Bottom figures show the accuracy of each category of the future impact score. Predicted numbers of citations were aggregated into five categories, from very low future impact (0-2 citations) to very high future impact (more than 20 citations). Overall, best performance was found with the CNN model. Prediction is more precise for very low and very high future impact.

Convolutional Neural Networks (CNN)

Bidirectional Long Short-Term Memory Neural Networks (Bi-LSTM)

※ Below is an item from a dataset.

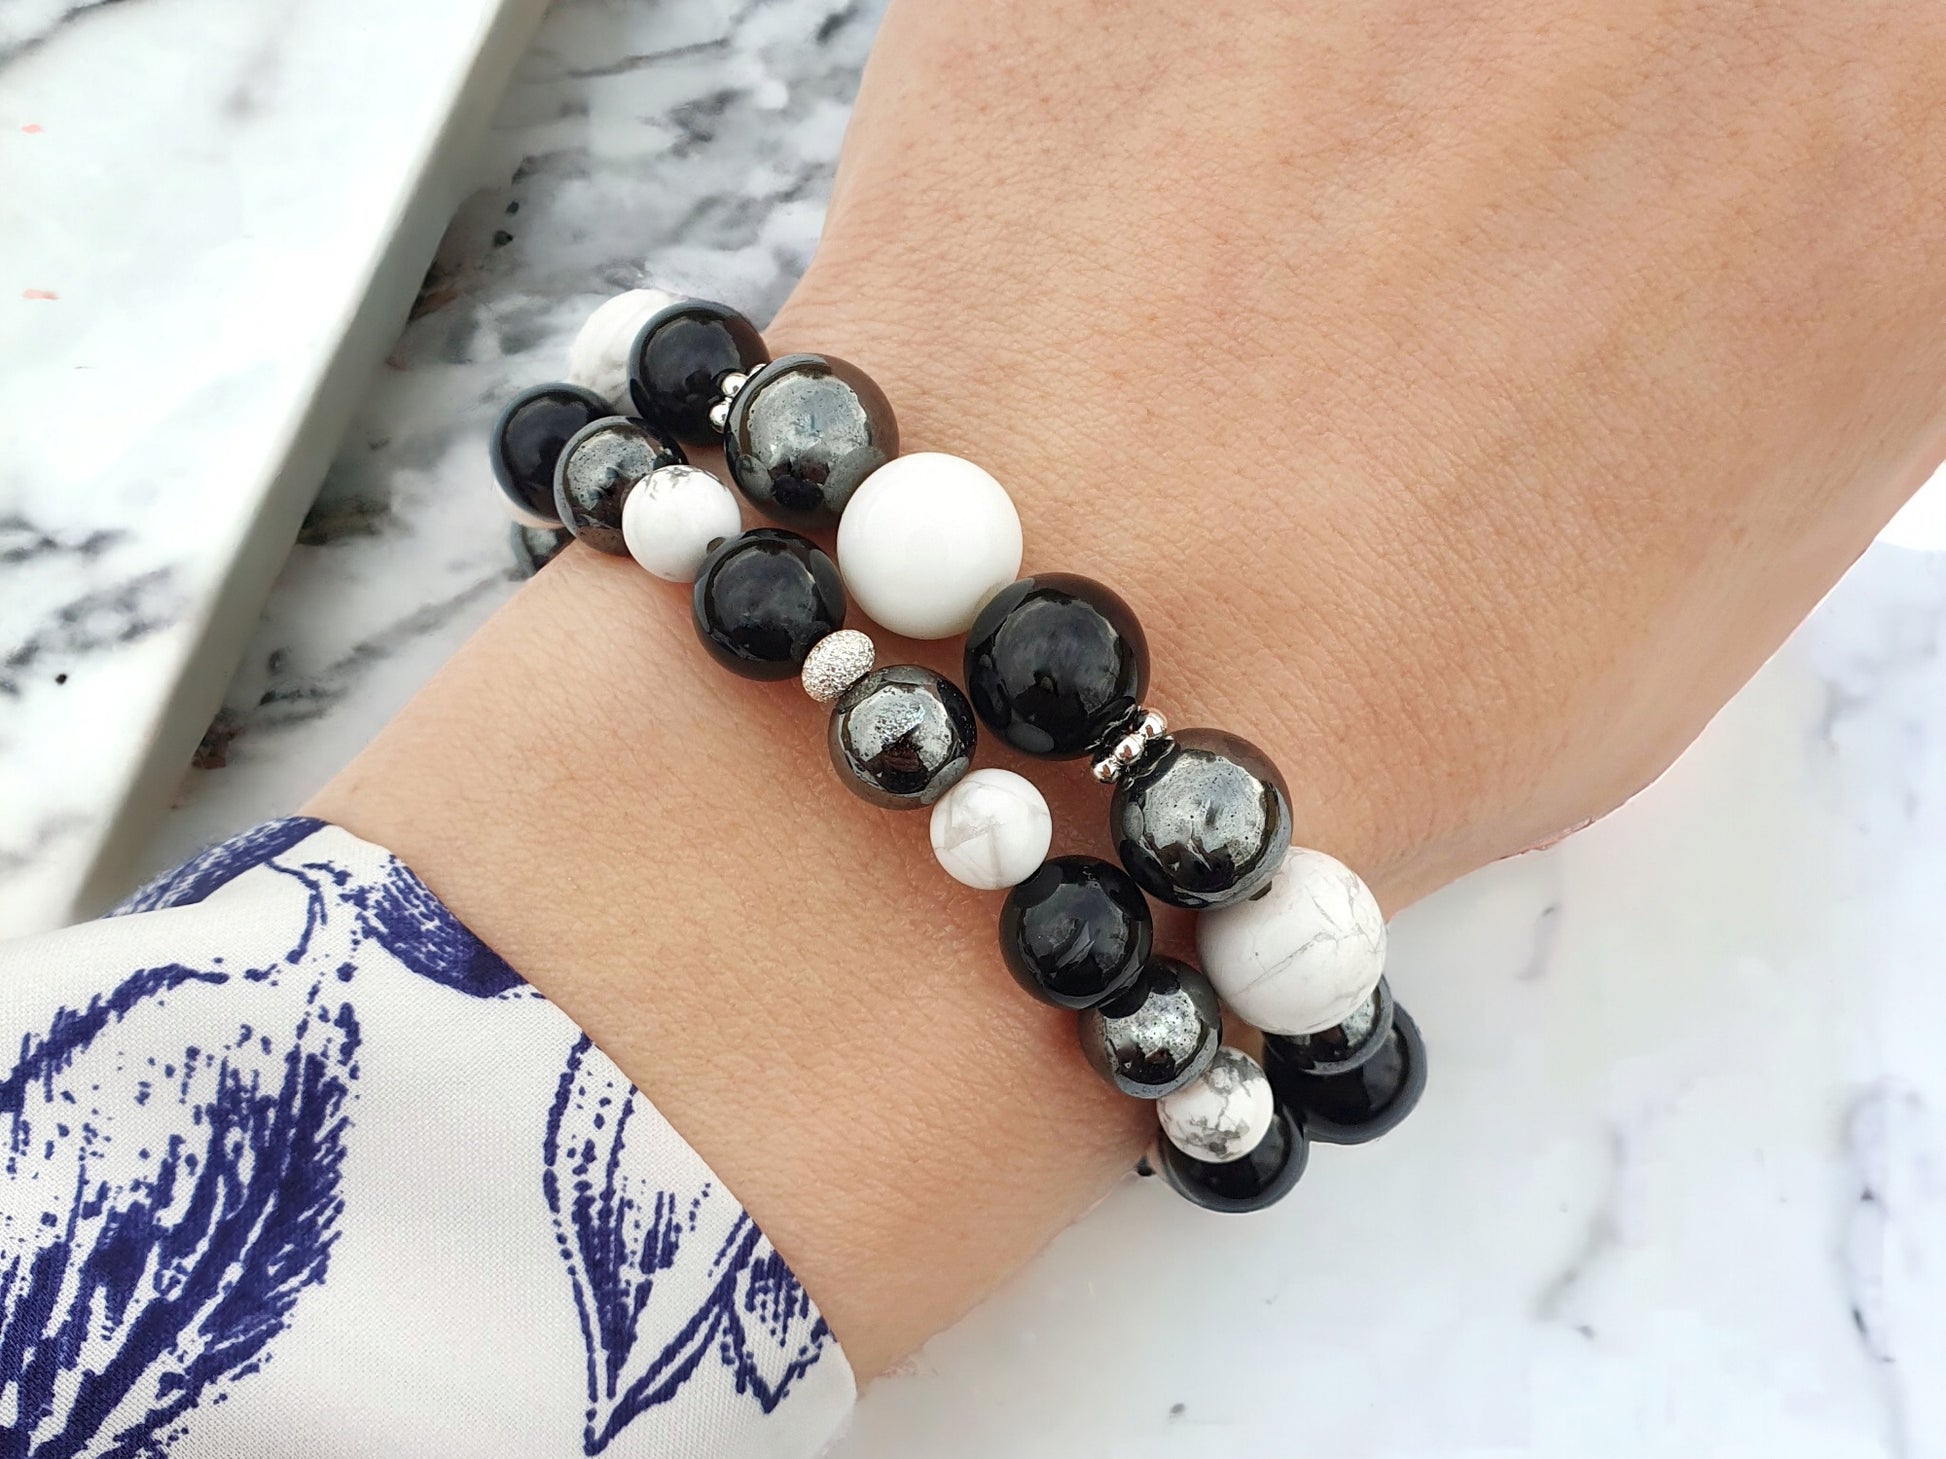 Handcrafted bracelet made from hematite, onyx, howlite

Hierarchical Attention Networks (HAT)

In summary, CNN model reveals highest performance, followed by Bi-LSTM models. HAT show rather disappointing results. These findings represent a prove of concept. Further research is needed to increase validity and reliability of the models.

Proof of concept

The number of citations that an research article receives is highly correlated with the research journal in which it was published. The higher the impact factor of a journal the more likely is a high number of citations of an article from that journal. Hence, the predicted number of citations of an article should also cause a high correlation with the journal’s impact factor in which it was published. Importantly, the model predicting the future number of citations has no information about the journal, as well as no information about the author, affiliation, and other meta-data information. Prediction is solely based on the content of the article. Thus, a high correlation between the predicted number citations of an article and the impact factor of the journal in which it was published would give a strong proof for the concept of the predictability of the number of citations. In this analysis the future number of citations of ca. 13.000 research articles published between 02/08/2019 and 02/15/2019 were predicted. Next, prediction values for each article were aggregated based on the research journal in which the article was published. This resulted in a data set of 1223 different research journal and their corresponding mean number of predicted citations. As a result, the journal impact factor and the corresponding mean number of predicted citations revealed a high correlation (r = 0.62). This result shows, that – even if the prediction model holds no information about the journal – the predicted number of citations goes hand in hand with the journal’s impact factor. This is a strong evidence for the predictive power of future impact score.

What's next?

1. Reliablity testing

The present corpus was generated based on articles published in 2016 and their number of citation in 2018. However, how can we be sure that articles published today will also result in a FIS with similar prediction accuracy? In other words, how reliable is our model? The reliability can be tested using different time windows for model calculation. For instance, papers published in 2015 and their citation number in 2017 will be analyzed. In this manner, the time windows will be systematically varied (i.e., 2014+2016, 2015+2017, etc.). If model performance of different time windows is similar, then the reliability of FIS measurement is high.

2. Validity testing

So far, FIS was calculated based on a corpus of 200.000 articles from a broad variety of research fields. Nonetheless, each field of research has a different distribution of citation quantities. In order to validate and improve the FIS, separate neural network models will be generated for different fields of research, such as Medicine, Genetics, Social Sciences, etc.). Results of model predictions will be compared between research fields. This approach should result in similar prediction accuracy and specificity between the different fields of research, which would represent a validation of previous results. In addition, prediction accuracy and specificity should be higher with this approach in comparison to the previous results.